Reading the diagram:

  • Student and Course are independent entities (underlined, at top)

  • Enrollment has two thin solid lines converging into it

  • Its primary key is (student_id, course_code)—the combination of both parents

  • This creates a many-to-many: each student can take multiple courses, each course can have multiple students

# Define tables for many-to-many example
@schema
class Student(dj.Manual):
    definition = """
    student_id : int unsigned
    ---
    student_name : varchar(60)
    """

@schema
class Course(dj.Manual):
    definition = """
    course_code : char(8)
    ---
    course_title : varchar(100)
    """

@schema
class Enrollment(dj.Manual):
    definition = """
    -> Student
    -> Course
    ---
    grade : enum('A', 'B', 'C', 'D', 'F')
    """
# View the many-to-many diagram
dj.Diagram(Student) + dj.Diagram(Course) + dj.Diagram(Enrollment)

Renamed Foreign Keys and Orange Dots

When you reference the same parent table multiple times, or need semantic clarity, use .proj() to rename foreign key attributes.

DataJoint
SQL
@schema
class Neuron(dj.Manual):
    definition = """
    neuron_id : int unsigned
    ---
    neuron_type : enum('excitatory', 'inhibitory')
    """

@schema
class Synapse(dj.Manual):
    definition = """
    synapse_id : int unsigned
    ---
    -> Neuron.proj(presynaptic='neuron_id')
    -> Neuron.proj(postsynaptic='neuron_id')
    strength : float
    """

Orange dots appear between Neuron and Synapse, indicating:

  • A projection has renamed the foreign key attributes

  • Two distinct foreign keys connect the same pair of tables

  • presynaptic and postsynaptic both reference Neuron.neuron_id

In interactive Jupyter notebooks, hovering over orange dots reveals the projection expression.

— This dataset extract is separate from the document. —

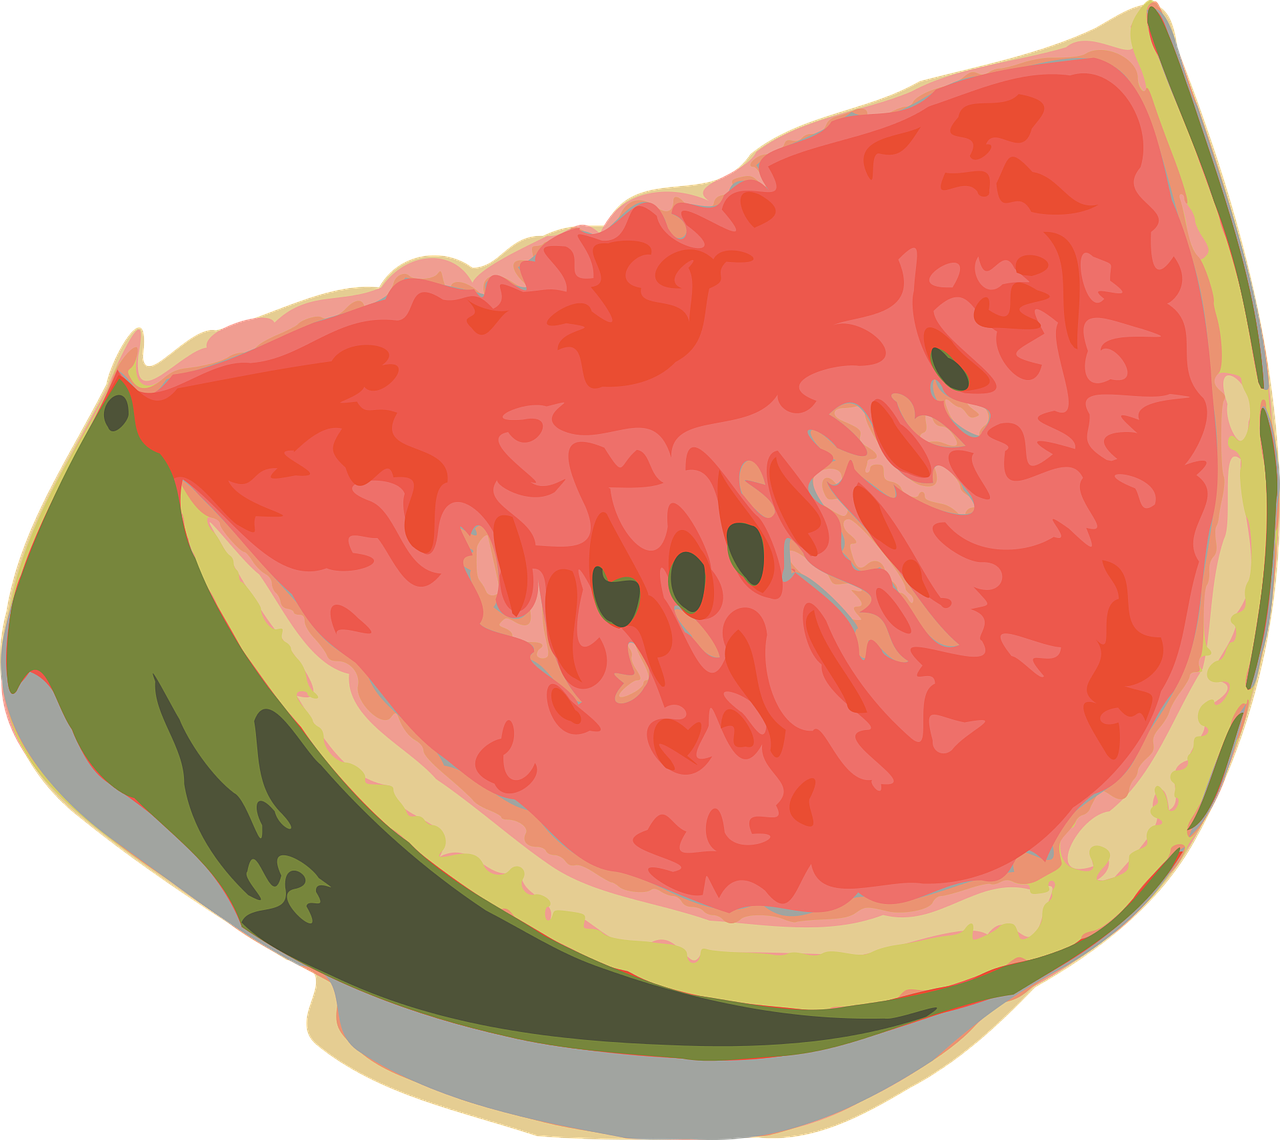 Fruit Picture Red Watermelon Png Image - Watermelon Pdf (1280x1140)

Common patterns using renamed foreign keys:

  • Neural networks: presynaptic and postsynaptic neurons

  • Organizational hierarchies: employee and manager

  • Transportation: origin and destination airports

# Define tables for renamed foreign key example
@schema
class Neuron(dj.Manual):
    definition = """
    neuron_id : int unsigned
    ---
    neuron_type : enum('excitatory', 'inhibitory')
    """

@schema
class Synapse(dj.Manual):
    definition = """
    synapse_id : int unsigned
    ---
    -> Neuron.proj(presynaptic='neuron_id')
    -> Neuron.proj(postsynaptic='neuron_id')
    strength : float
    """
# View the diagram - notice the orange dots indicating renamed foreign keys
dj.Diagram(Neuron) + dj.Diagram(Synapse)

Diagram Operations

DataJoint provides operators to filter and combine diagrams for exploring large schemas:

# Show entire schema
dj.Diagram(schema)

# Show specific tables
dj.Diagram(Table1) + dj.Diagram(Table2)

# Show table and N levels of upstream dependencies
dj.Diagram(Table) - N

# Show table and N levels of downstream dependents
dj.Diagram(Table) + N

# Combine operations
(dj.Diagram(Table1) - 2) + (dj.Diagram(Table2) + 1)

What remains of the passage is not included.